Gap has done all of the right things to not only catch up to consumers’ expectations but to rise beyond them. Even as legacy store-based retail brands have seen more disruption over the past few years, Gap is ready to step back into the spotlight.

Variety of Paths to Success in 2025 

The diversity of brands featured in this report highlight the variety of categories and strategic initiatives that can drive retail and dining success in 2025. 

Sprouts’ focus on quality products and small-format stores, CAVA’s rise as a suburban dining powerhouse, and Nordstrom’s commitment to customer experience all highlight how understanding and responding to consumer needs can drive success.

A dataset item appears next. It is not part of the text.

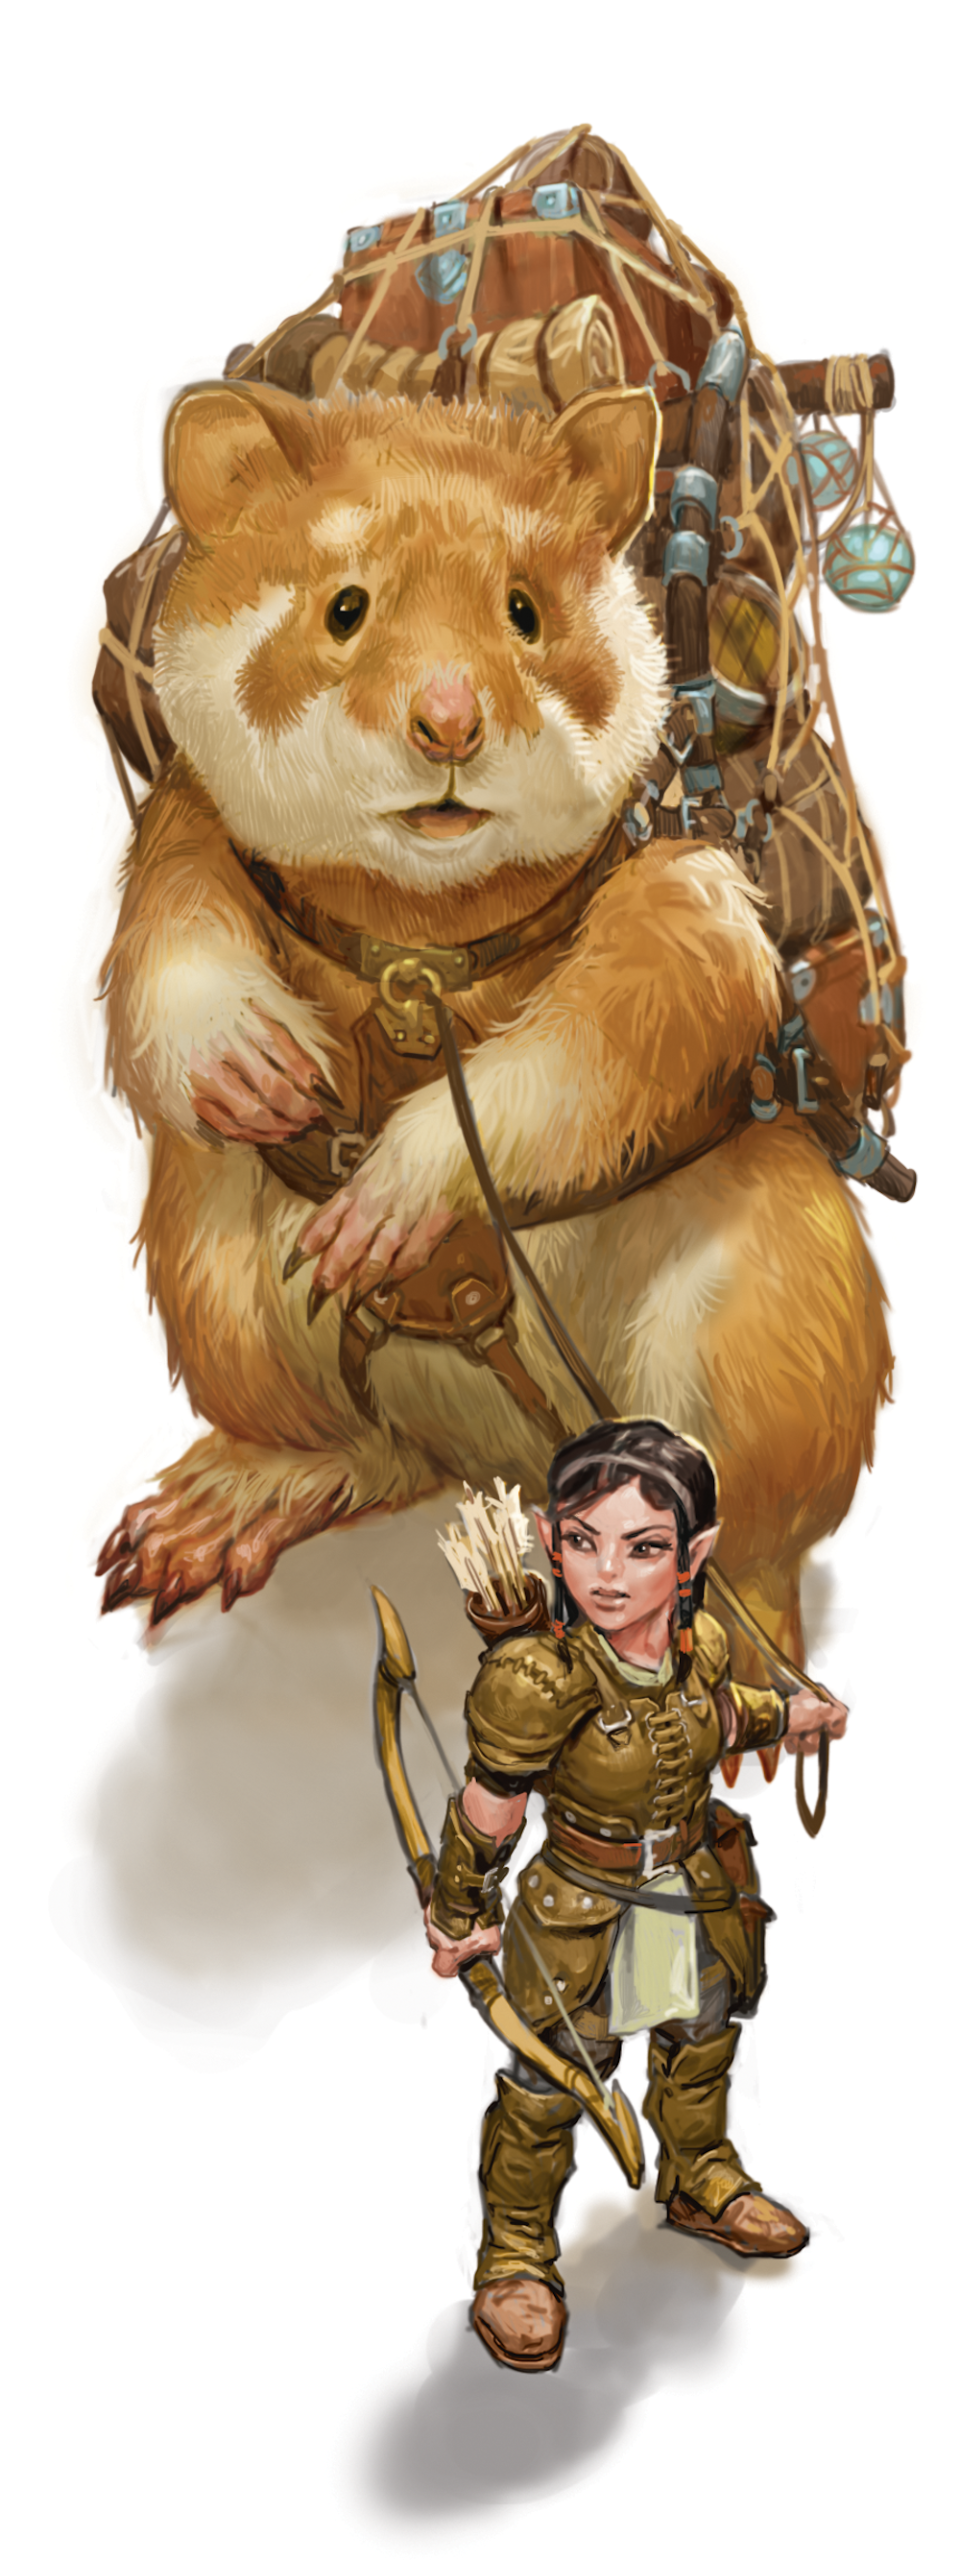 A Giant Space Hamster. (Image: Wizards of the Coast)
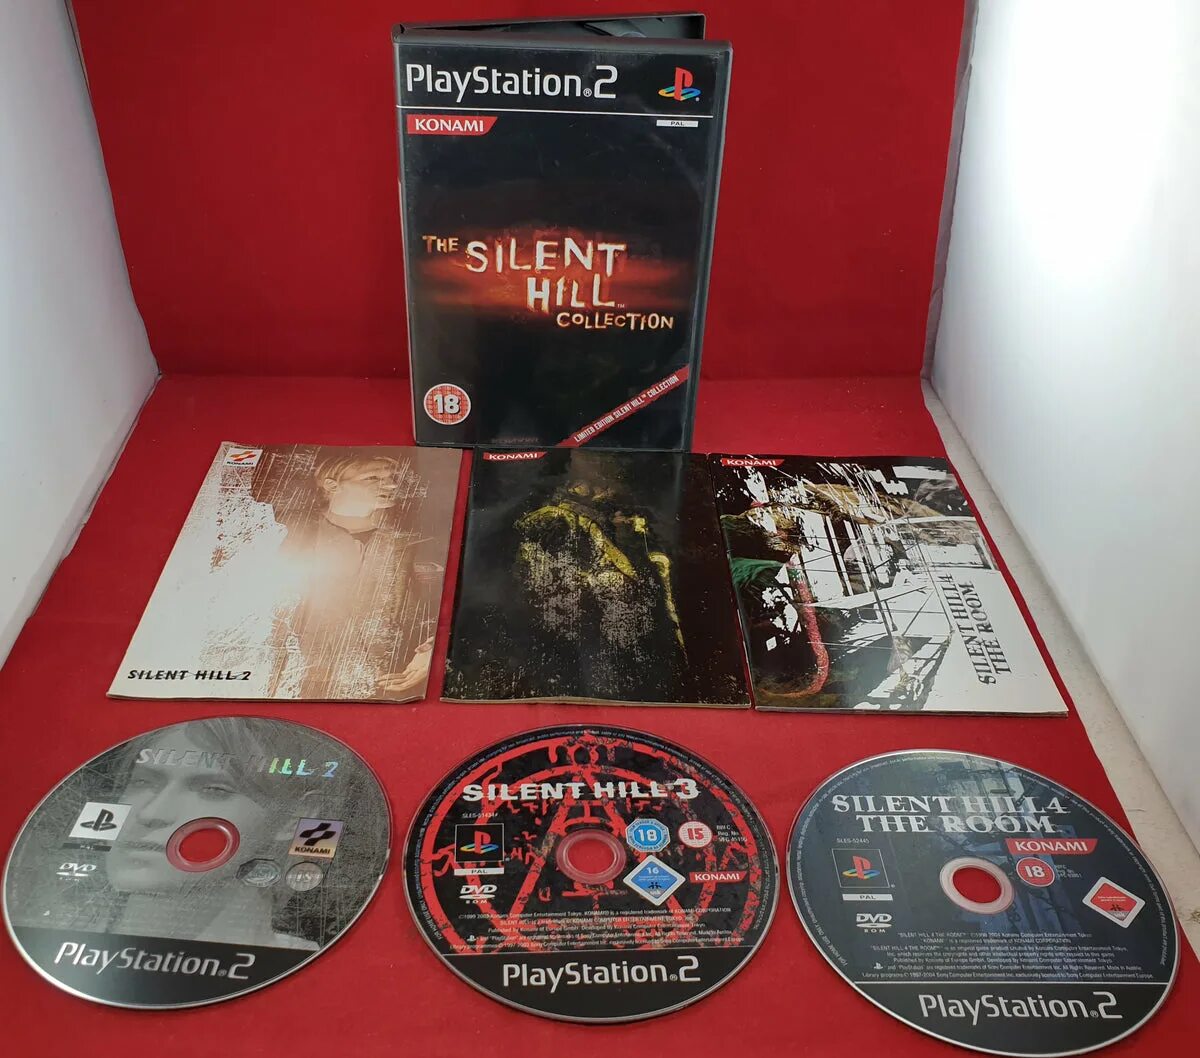 Silent Hill ps2 диск. PLAYSTATION 2 Disk Silent Hill. Collection ps2

Brands like Ashley Furniture, Sam’s Club, H Mart, and Life Time have shown how offering a unique value proposition within a crowded segment, leveraging loyalty, and creating memorable experiences can fuel growth. And Raising Cane’s demonstrates the power of simplicity and operational efficiency in building momentum.

At the same time, niche players like Bluemercury are excelling by catering to specific audiences with authenticity and expertise. And while Starbucks, Adidas, and Gap Inc. face challenges, the three companies’ brand equity and revitalization efforts suggest potential for a significant comeback.